Material shown:
/---

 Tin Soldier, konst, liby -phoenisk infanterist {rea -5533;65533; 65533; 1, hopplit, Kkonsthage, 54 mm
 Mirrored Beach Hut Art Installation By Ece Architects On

\---
/---

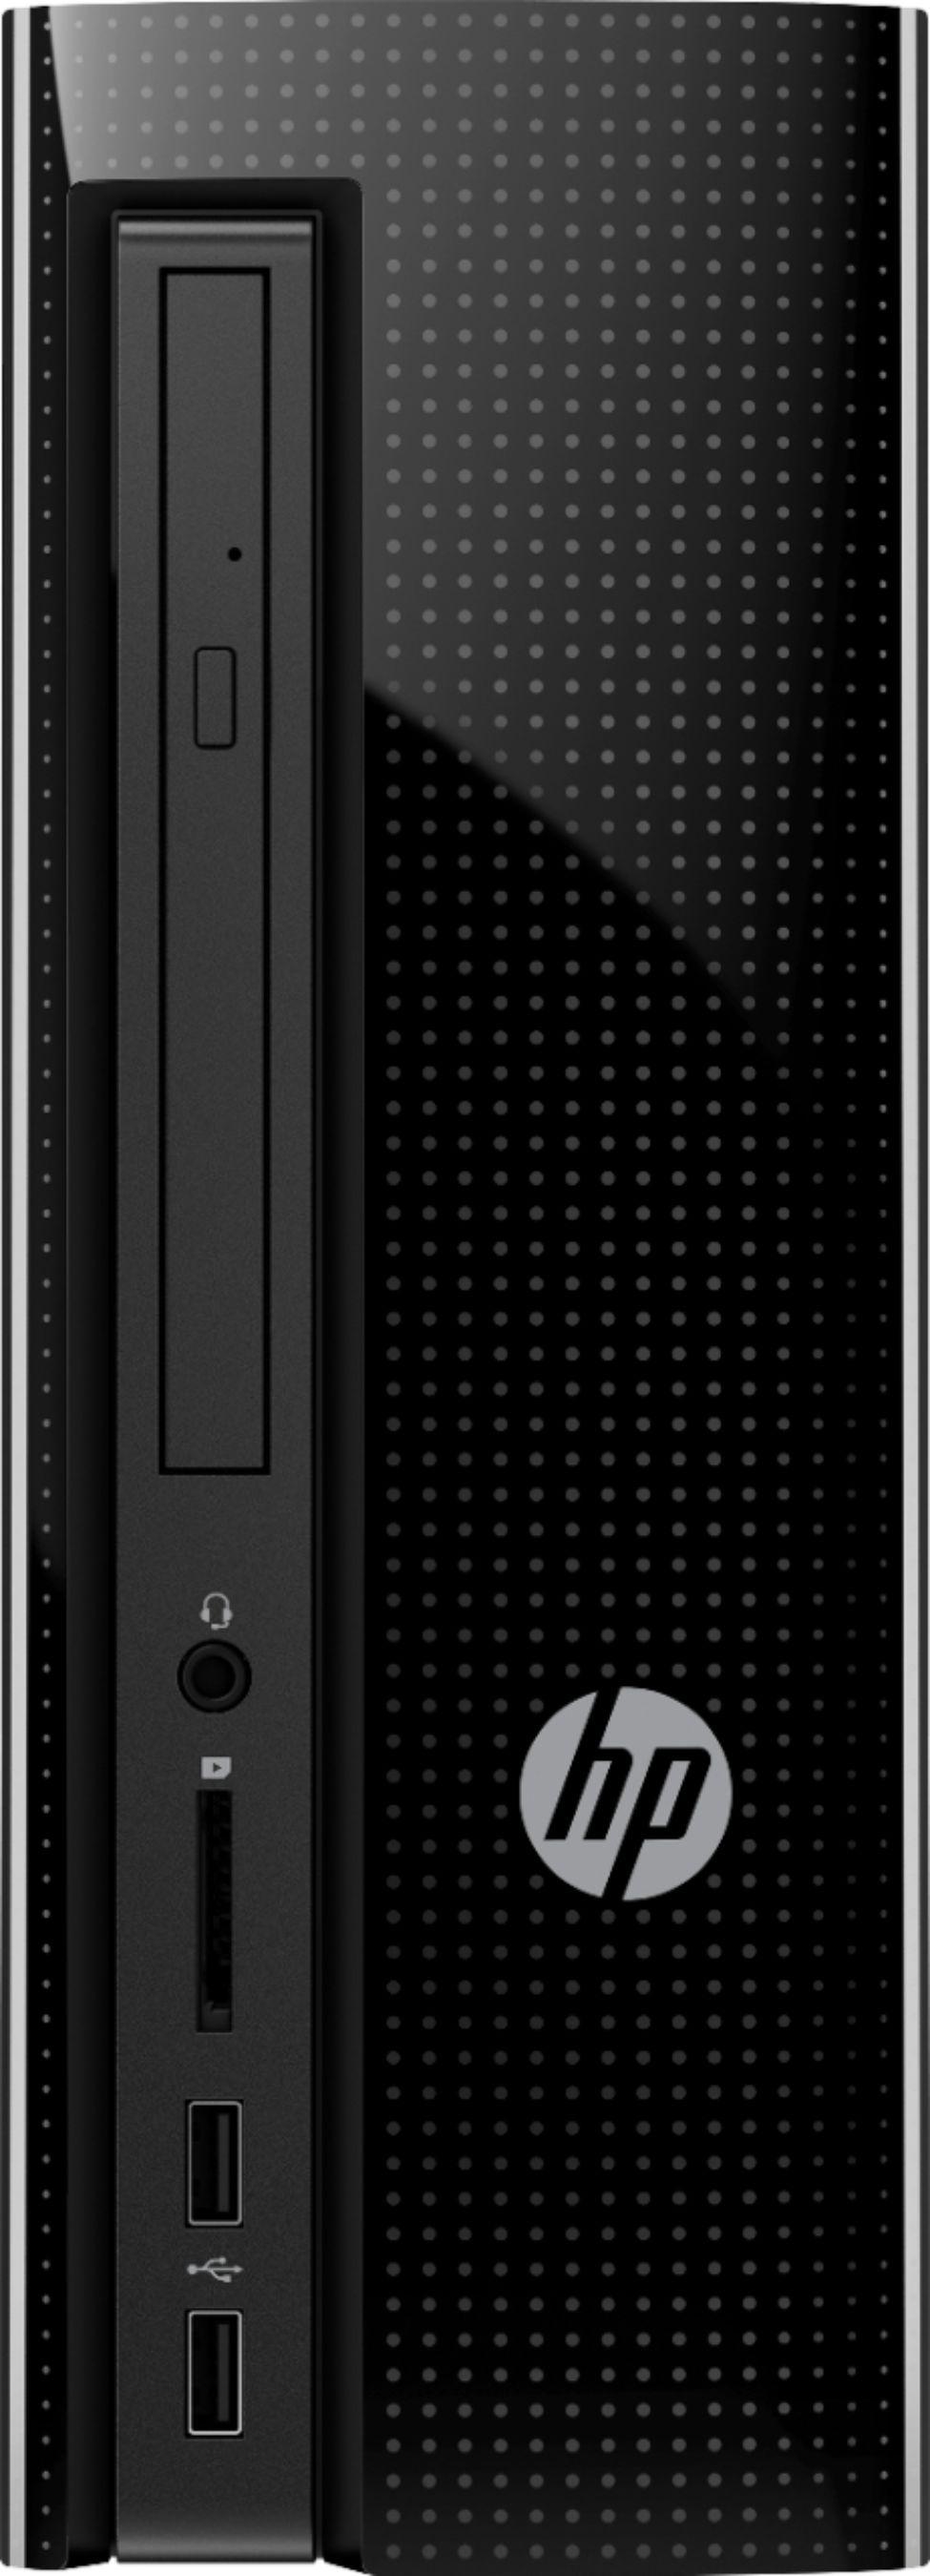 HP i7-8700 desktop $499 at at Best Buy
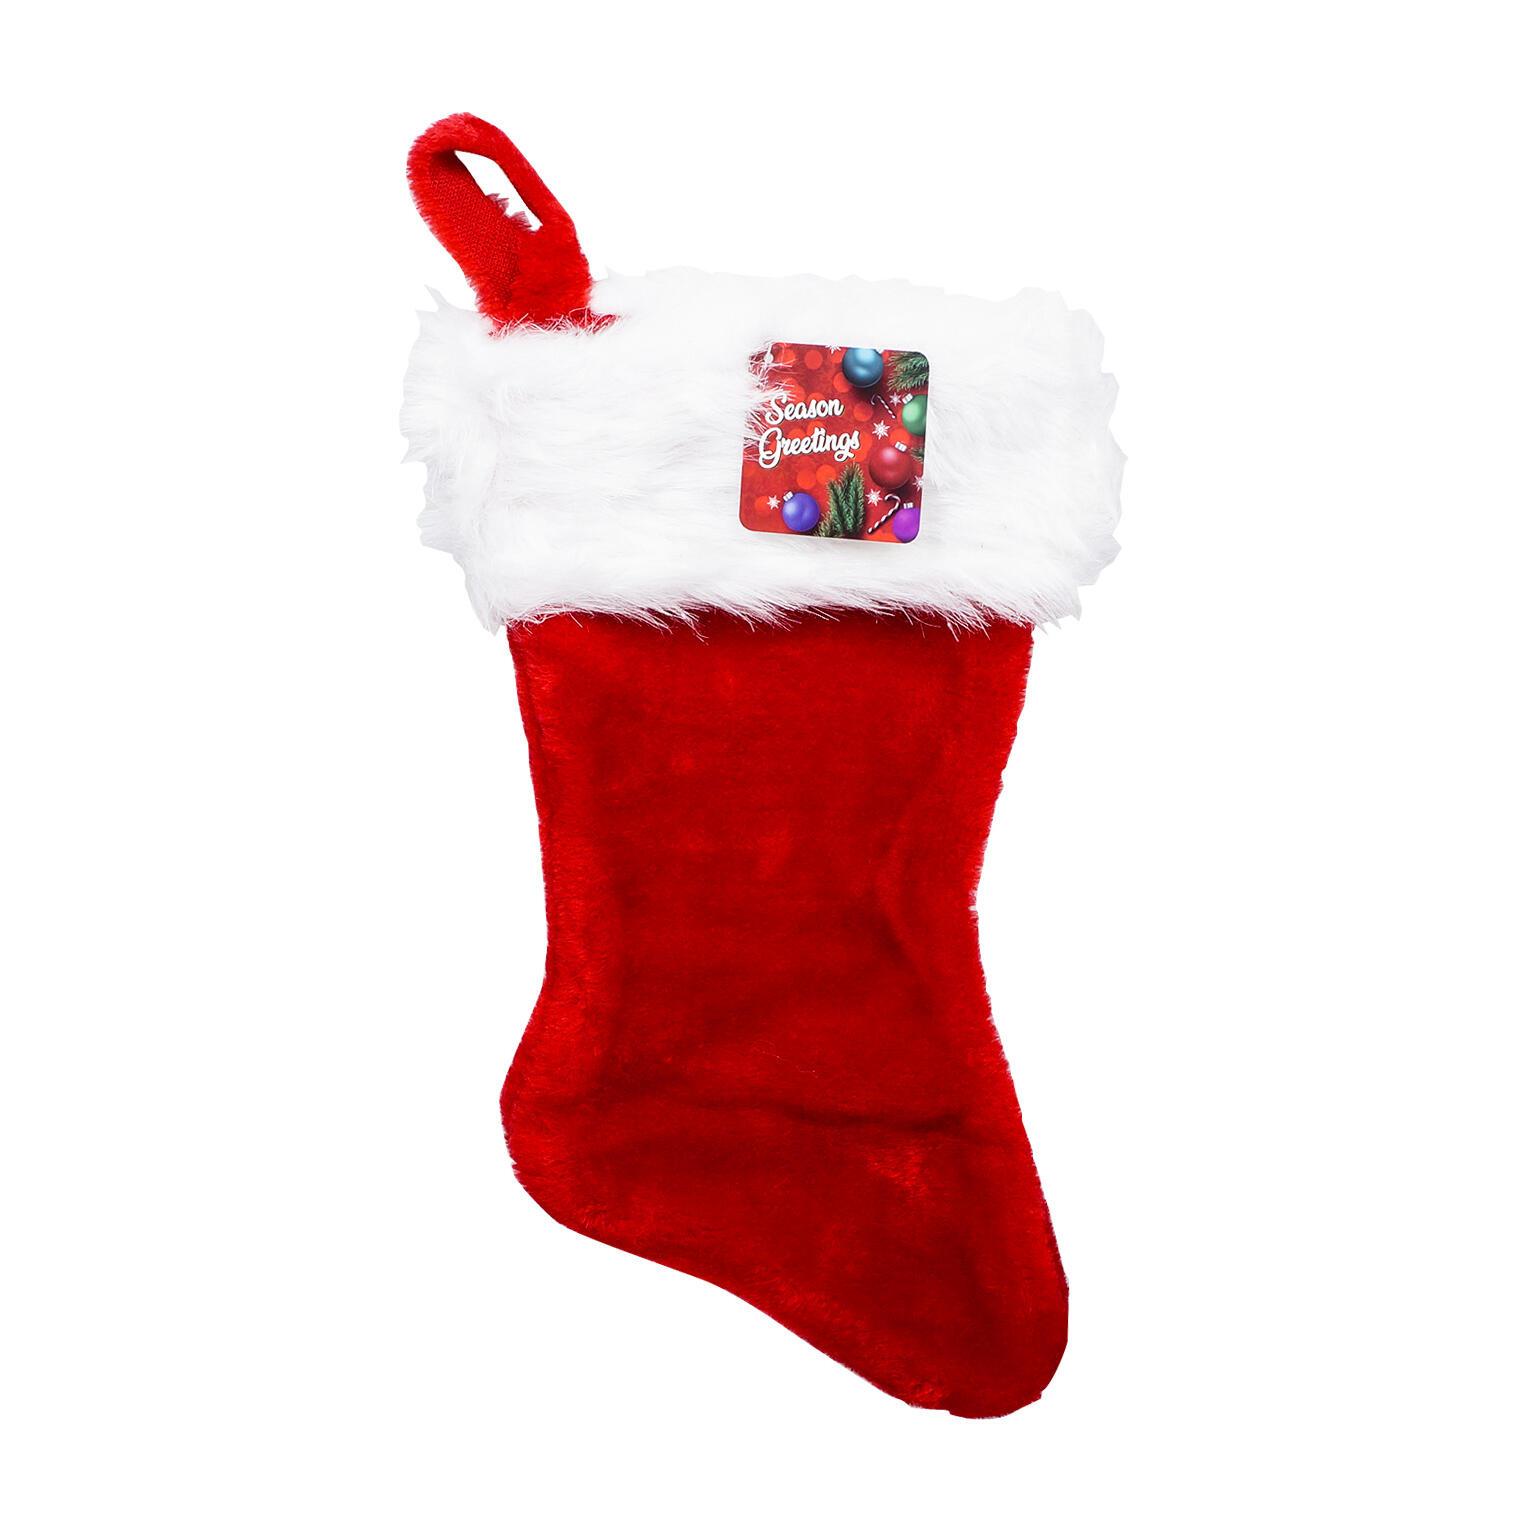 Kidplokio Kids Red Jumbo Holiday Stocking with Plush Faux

\---
/---

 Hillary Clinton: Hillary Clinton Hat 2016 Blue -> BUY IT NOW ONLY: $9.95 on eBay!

\---

Work instruction:
Every line from the line containing "Tin Soldier, konst, liby" through the line containing "Mirrored Beach Hut" in the records above must be retyped exactly. Leave out the rest.

Exercise result:
 Tin Soldier, konst, liby -phoenisk infanterist {rea -5533;65533; 65533; 1, hopplit, Kkonsthage, 54 mm
 Mirrored Beach Hut Art Installation By Ece Architects On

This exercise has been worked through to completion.